Monthly death totals for patients with COVID‐19 and cancer listed on MCOD from March 2020 to December 2021.
3.2. AAMR comparisons
AAMR in patients with COVID‐19 and cancer on MCOD was 41.7 (95% CI: 41.0–42.3) in 2020 and 56.7 (95% CI: 56.0–57.5) in 2021, an increase of 36%. AAMR was significantly higher in NH American Indian or Alaskan Native, NH Black or African American, and Hispanic or Latino race/ethnicity groups compared to NH White and NH Asian race/ethnicity groups in 2020. In 2021, NH Asian race/ethnicity group had significantly lower AAMR than all other race/ethnicity groups through the course of the pandemic. AAMR was significantly higher in males across both years. (Table 1).
Annual percentage change (APC) in AAMR from 2020 to 2021 for male and female sex increased by 32.2% and 40.6%, respectively. Regarding race/ethnicity groups, NH White had the only significant increase in APC in AAMR of 46.6%. East South Central, Mountain, and Pacific regions had the highest significant increases in APC. (Table 1).
3.3. Crude mortality rate comparisons
Regarding urbanization status, rural counties had significantly higher crude mortality rates across both years and the largest increase in APC. Death rates increased with age, and ages 85 years or greater was associated with the highest crude mortality rates across both years. Ages 25–34 years had the largest increase in APC. (Table 1).
4. DISCUSSION
In this study, we found mortality in patients with cancer increased by approximately 4%, over 50,000 excess deaths, during the COVID‐19 pandemic. Patients with COVID‐19 and cancer as contributing causes of death accounted for approximately 80%, or 40,000 of these deaths. AAMR in patients with cancer and COVID‐19 were found to be significantly higher in NH Black or African American, Hispanic or Latino, and NH American Indian or Alaskan Native groups in 2020, exacerbating persistent disparities in health outcomes in these groups in the US. This goes in line with known findings which showed that cancer‐associated COVID‐19 mortality was higher in Black and Hispanic groups compared to NH White and NH Asian groups. 3
NH White had the only significant increases in AAMR in 2021, despite the widespread availability of vaccines, which merits further investigation. AAMR was also significantly higher in males compared to females. This finding correlates with prior research which has shown the risk of mortality in COVID‐19 patients is higher in males compared to females. Cancer patients are also more likely to be male, a significant predictive factor for COVID‐19 mortality. 10 Males have a slightly higher chance of being diagnosed with an invasive cancer in their lifetime compared to females which may be due to various behavioral, biological, and environmental factors. 11 Crude mortality rates were highest in rural areas, and this disparity only furthered during 2021. AAMR in those 85 and older was highest, but the greatest increase in mortality from 2020 to 2021 was experienced by those ages 45–64.

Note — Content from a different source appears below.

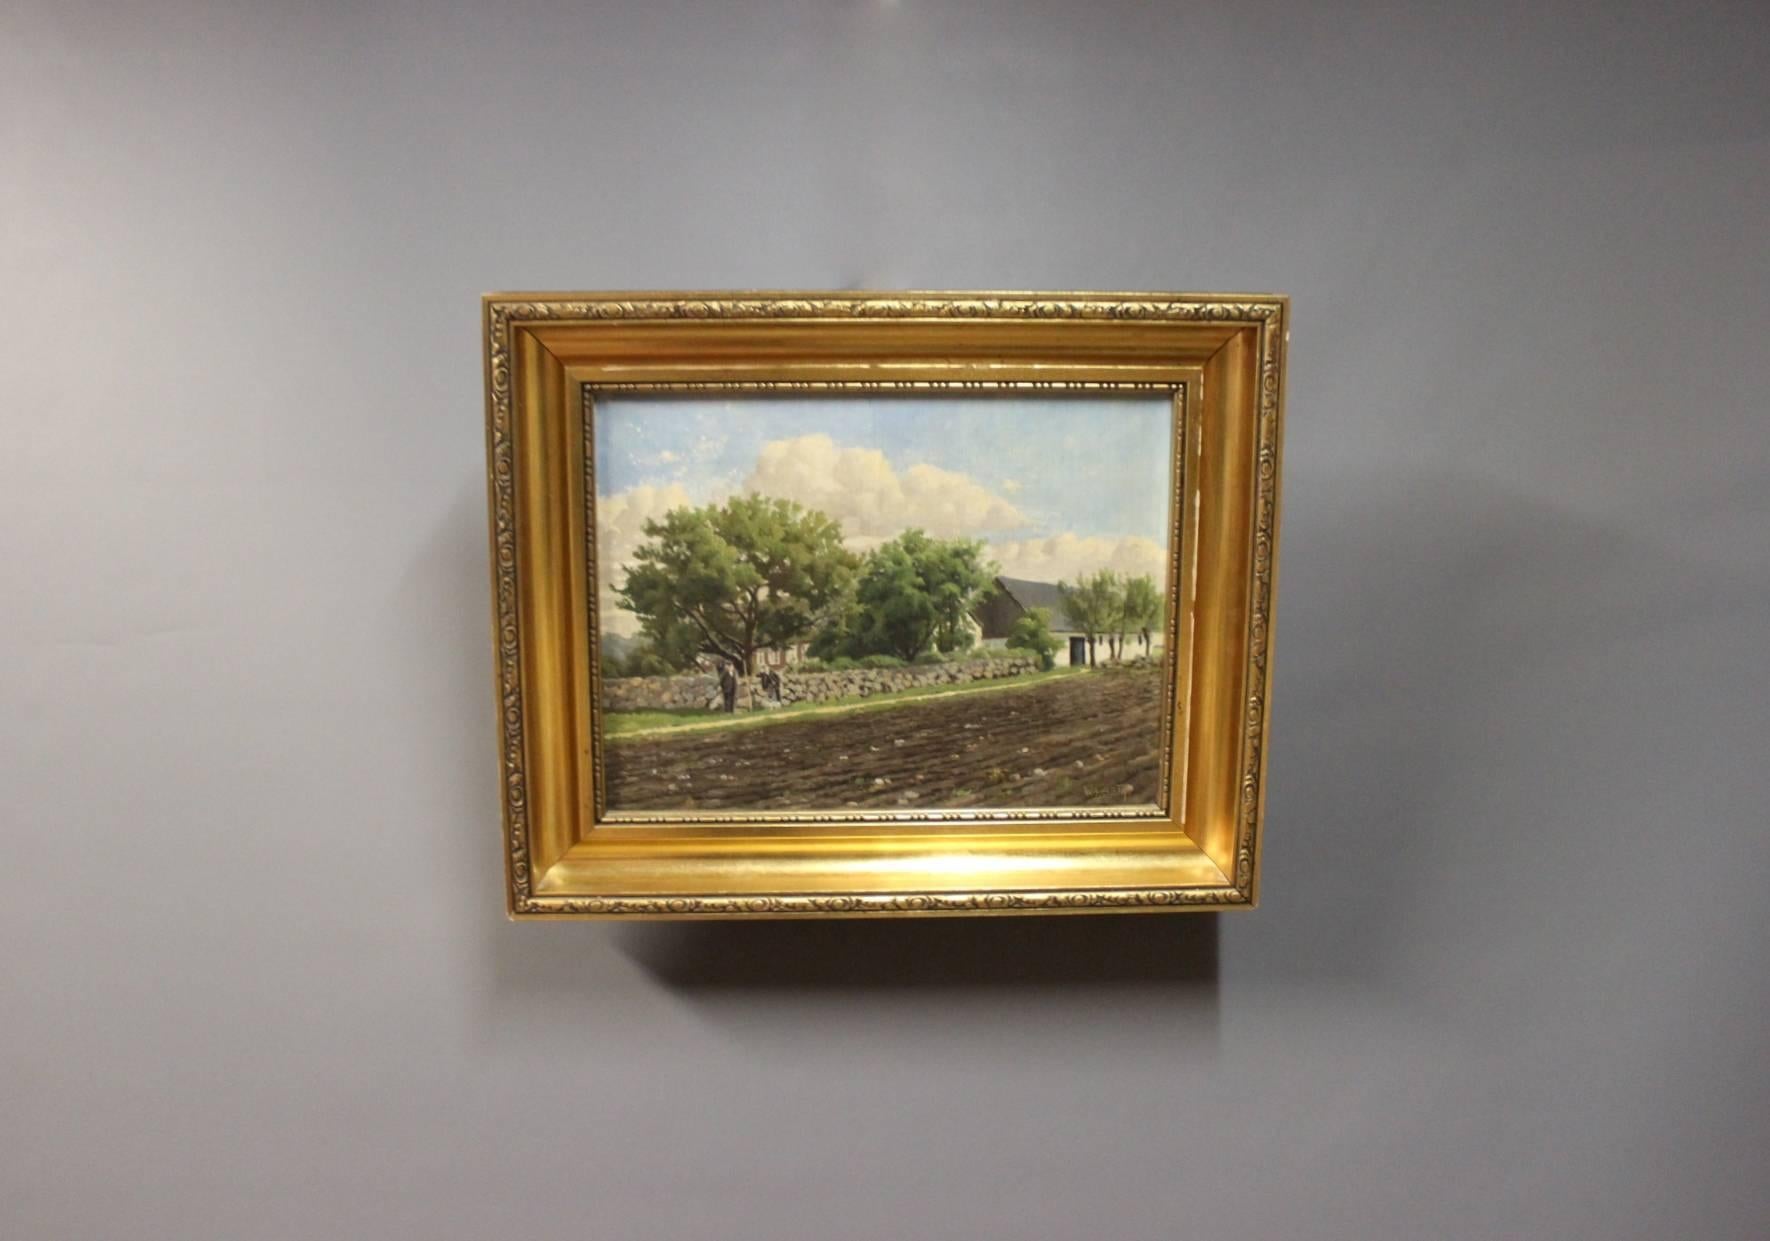 This oil painting on canvas captures the serene beauty of Denmark's countryside, showcasing the talent of the artist Niels Walseth (1914-2001). Known for his captivating landscapes, Walseth's signature on the painting adds authenticity and value to

Limitations included that we did not utilize underlying cause of death to provide broader comparison across groups. Since the study only utilized MCOD data, it may be difficult to ascertain whether the underlying cause of death is from COVID‐19, cancer, or another underlying condition that worsened the state of either of the two medical conditions. The study also primarily focused on patients with cancer in general and did not investigate trends in specific cancers, stages, subtypes, and treatments. This is important to acknowledge as certain cancers and stages of cancer, such as lung cancer, may have a more aggressive course and be associated with higher rates of mortality whereas other types may have a more indolent course and may be incidentally detected through screening, such as certain grades of prostate cancer. 11 Such research has previously been explored in brief but merits further detailed investigation as a direction for future research once national data becomes available. Furthermore, AAMR in 2020 may be lower because COVID‐19 did not become widespread until March 2020, which must be considered when using this comparison; however, this method allows for identification of significant differences across groups.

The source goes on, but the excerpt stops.